新しいママとなった私は、ぼうやの好きな料理を作ったりバレエ教室に通わせるなど、愛情を注いで育てるのだが、時に怖いママになってぼうやを怯えさせる。

そして夜が来ると、眠っているぼうやの陰嚢を自由に弄ぶ。ライトで照らし、触り心地を楽しみ、額や頬に当てながら匂いを嗅いだり、写真や動画を撮ったり。
じつはぼうやは起きていて、全てわかった上で陰嚢を捧げている。天井の節を数えて行為が終わるのを待っているのだった。

 人買いマダムと少年。
時代背景は終戦直後、場所は上野だ。
少年はガード下で靴磨きの仕事をしながら、病気の母親の薬代を稼いでいた。
マダムは少年に「もっとお金になる仕事があるわよ」と近付き、チョコレートやケーキで誘惑して連れ去ると、性サービス店に売り飛ばしてしまう。

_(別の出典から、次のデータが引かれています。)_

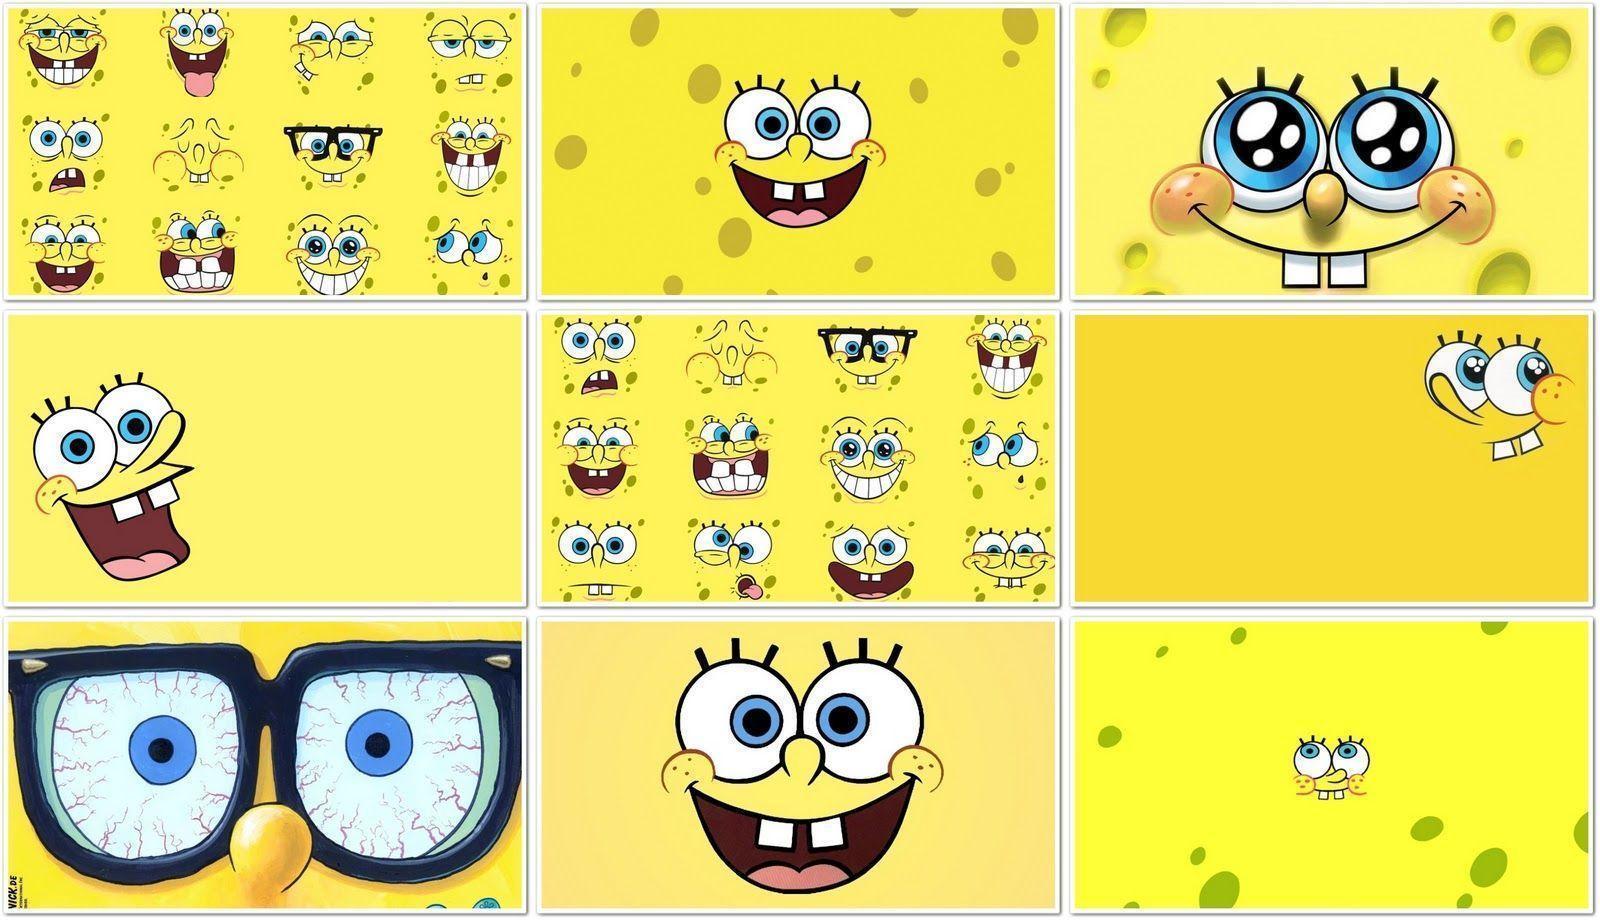 Anime, Cartons & Animations: Fascinating Spongebob Squarepants

少年の仕事は、風呂場で全裸になって女性客の体を洗ったり、温泉宿でダンスを踊ること。少年は初々しさと絶妙な動きで客の心をキャッチして、たちまち売れっ子になる。

毛皮屋、グラス屋、ランプ屋などの店主達も、少年にジュースをくれたり本を見せてくれたりと優しく接してくれていた。それを励みに少年は仕事を頑張るのだが、少年の売上のほとんどは店側に搾取されている。
不憫に思ったマダムは少年を連れて海外に逃亡する事を考えるのだった。

 これらのロールプレイはとても楽しいコミュニケーションであると同時に、いつからか心理療法としての効果が期待できるようになった。人格解離とは違い、自ら役柄を演じることでアイデンティティーが確立されるのだ。

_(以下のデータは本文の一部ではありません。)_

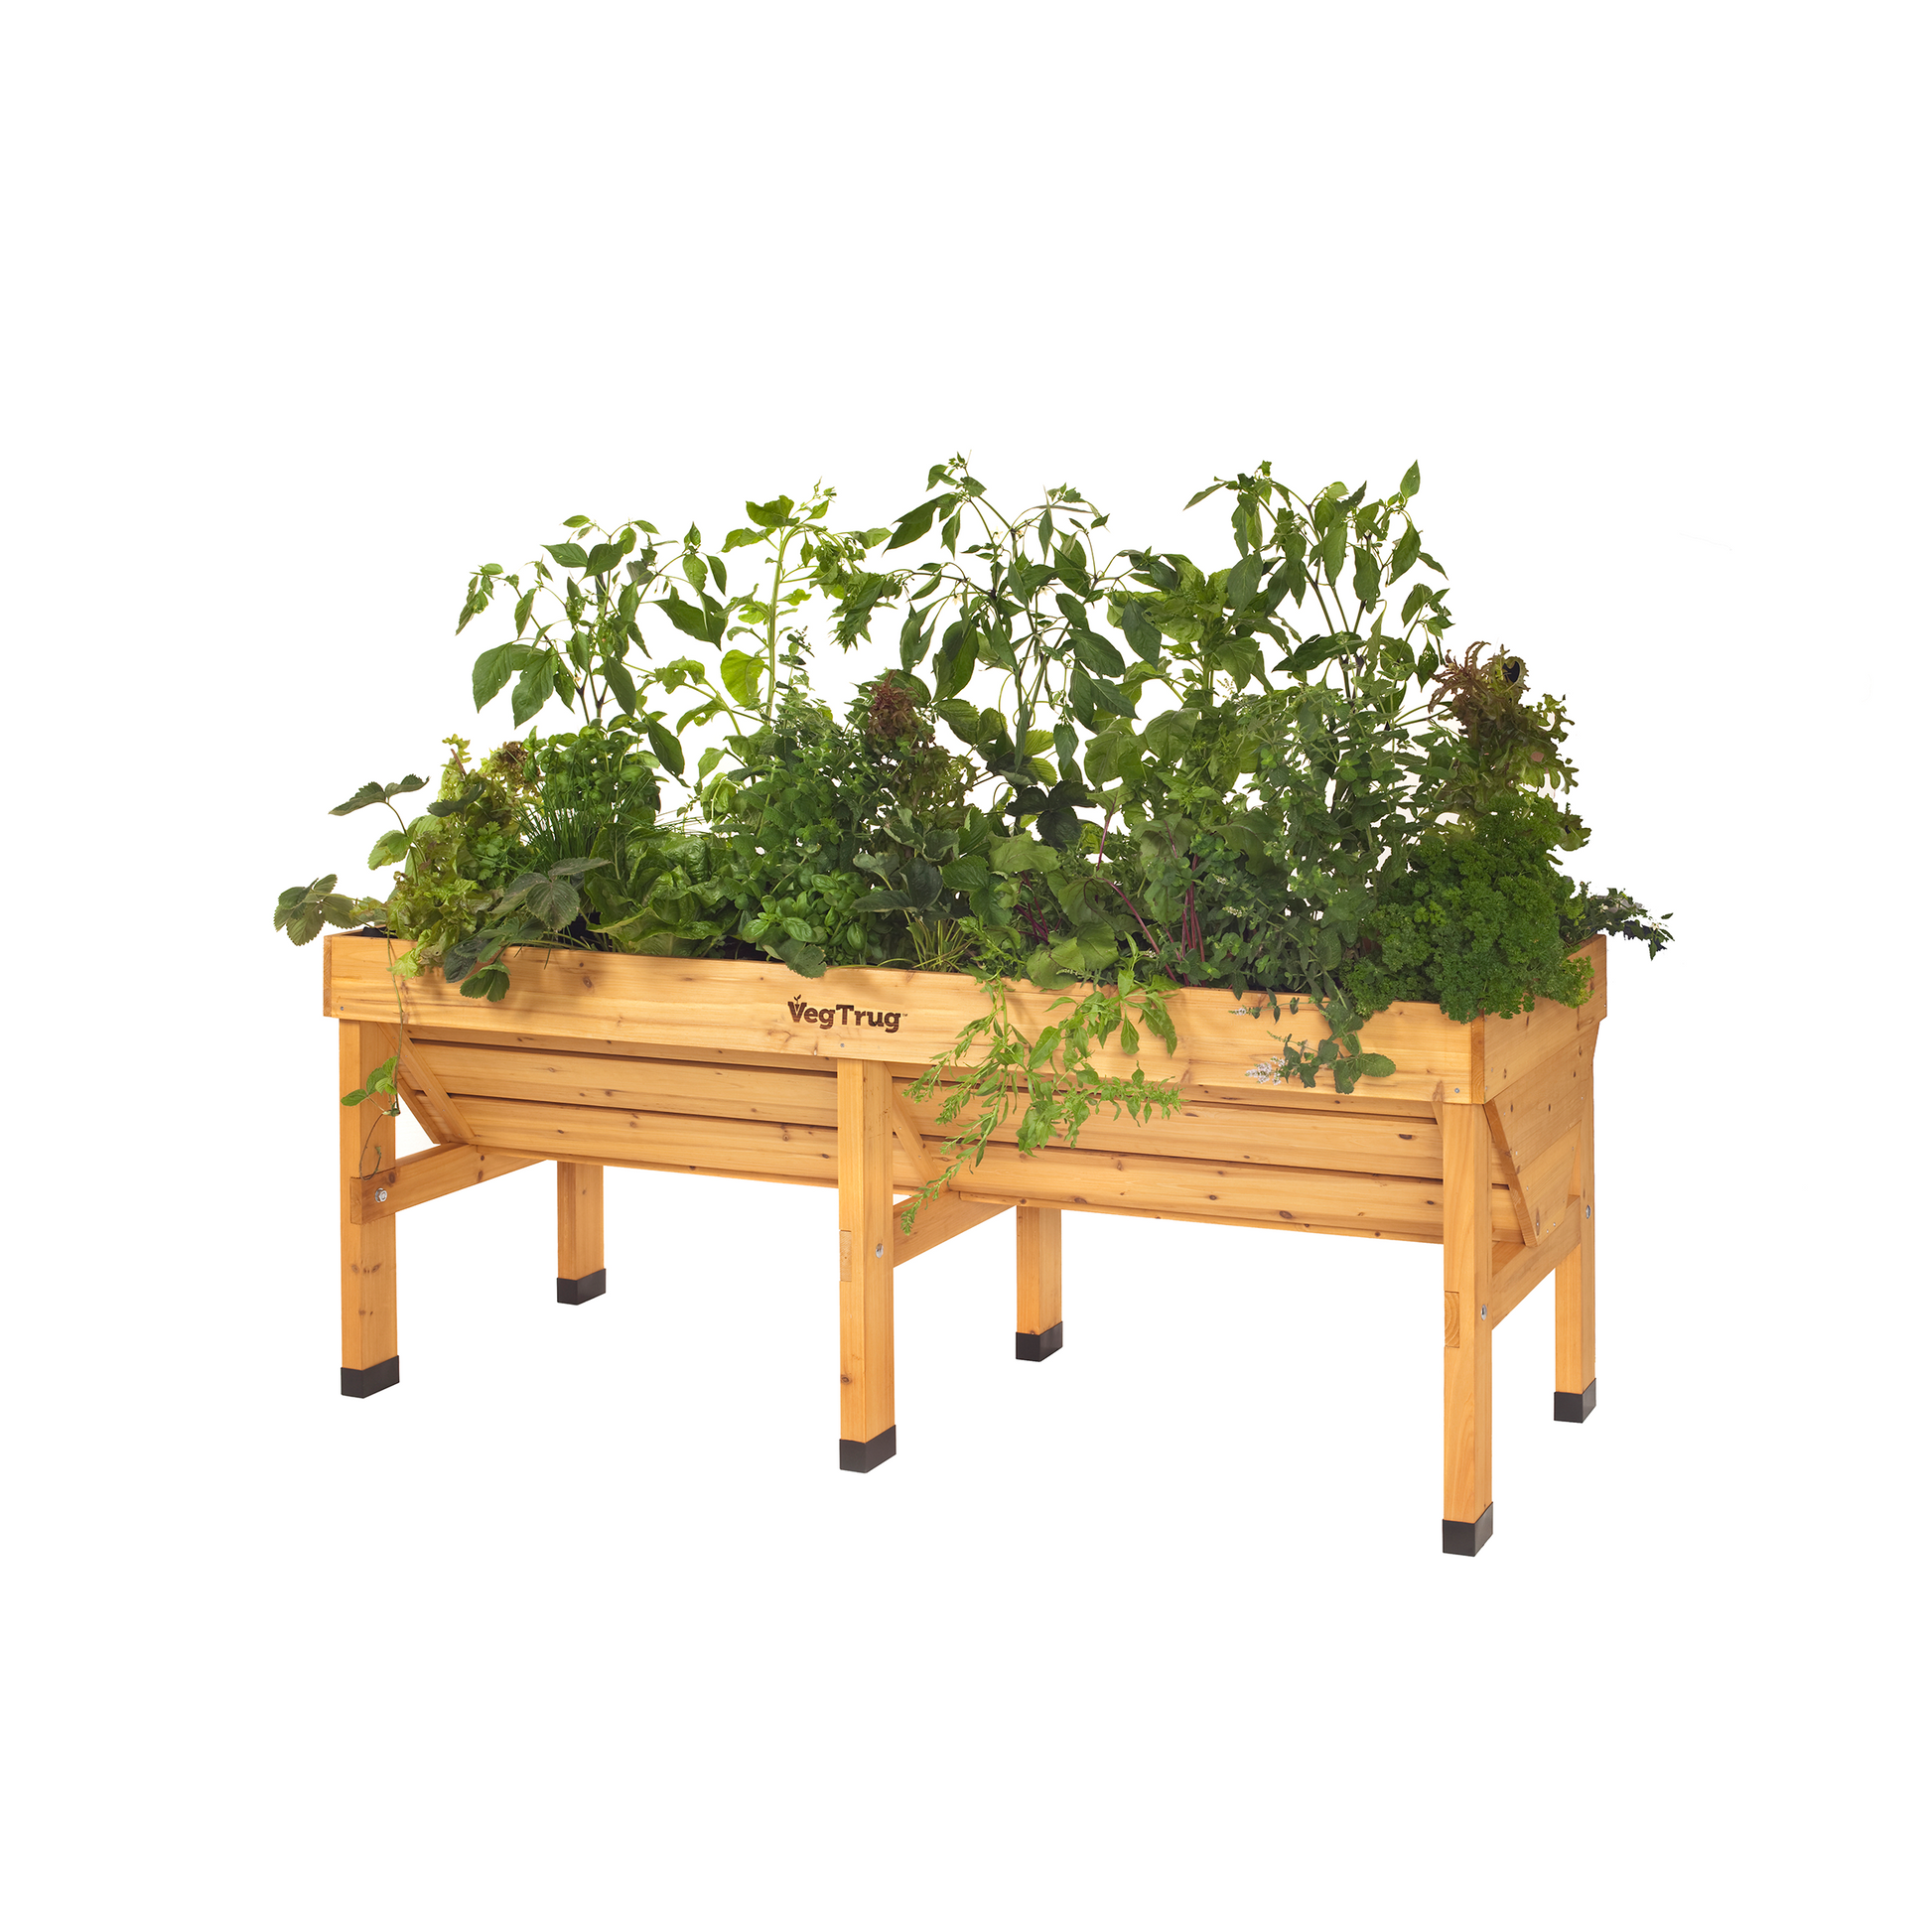 Woven Wood Medium Square Planter Basket - Hudson Grace

様々な感情を即興芝居の中で無意識のうちに再現、または表現することにより、各人格の持つ傷が少しずつ修復されていくような気もする。
平和な時間が保たれ、夫と仲が良いという絶対的な安心感が全てを癒しているのは確かである。


 夫とは私の精神状態がだいぶ落ち着いている時期に出会った。昼夜仕事をしていてそれなりに身なりも小綺麗にしていたので、きっとまともに見えたと思う。
将来こんなに日常を掻き乱されることになるとは思ってもいなかっただろう。重度のリウマチになってしまったのも、莫大なストレスが原因だと思う。

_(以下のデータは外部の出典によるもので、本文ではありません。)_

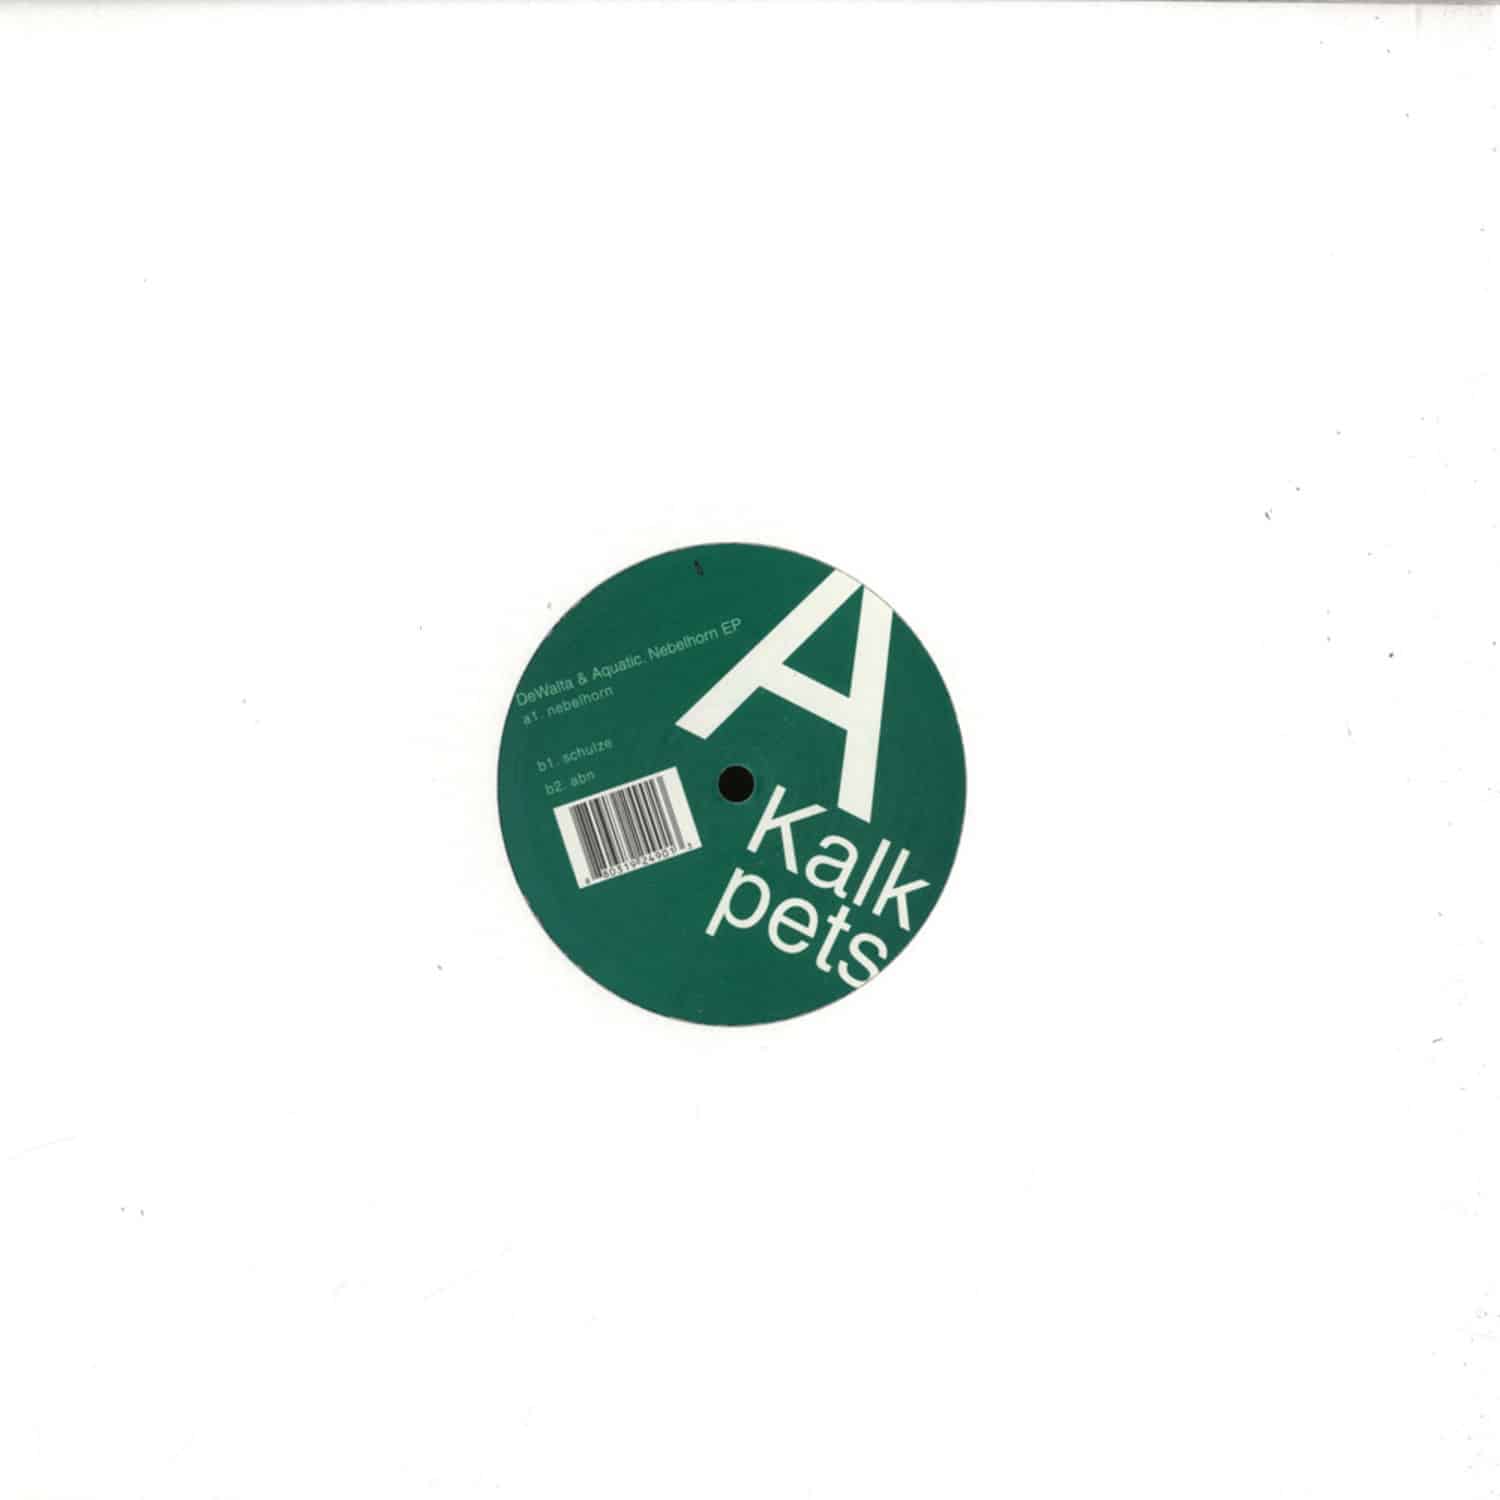 Dewalta / Aquatic - NEBELHORN EP

本当はあの頃、自分の葬式代と死ぬ前の旅費を稼ぐために働いていた。お金が貯まったらすぐに日本を出る予定だった。
そして、死ぬといっても暗さは全く無く、とことん爽やかで希望に溢れたものだった。私にとって死は海外旅行と同じだった。

マイナスのエネルギーというものは凄いのだ。復讐心のみで生きていた時期には、復讐を実行した後もまだ足りないまだ足りないと新たな炎が私を突き動かした。
思えばずっとそんな人生だった。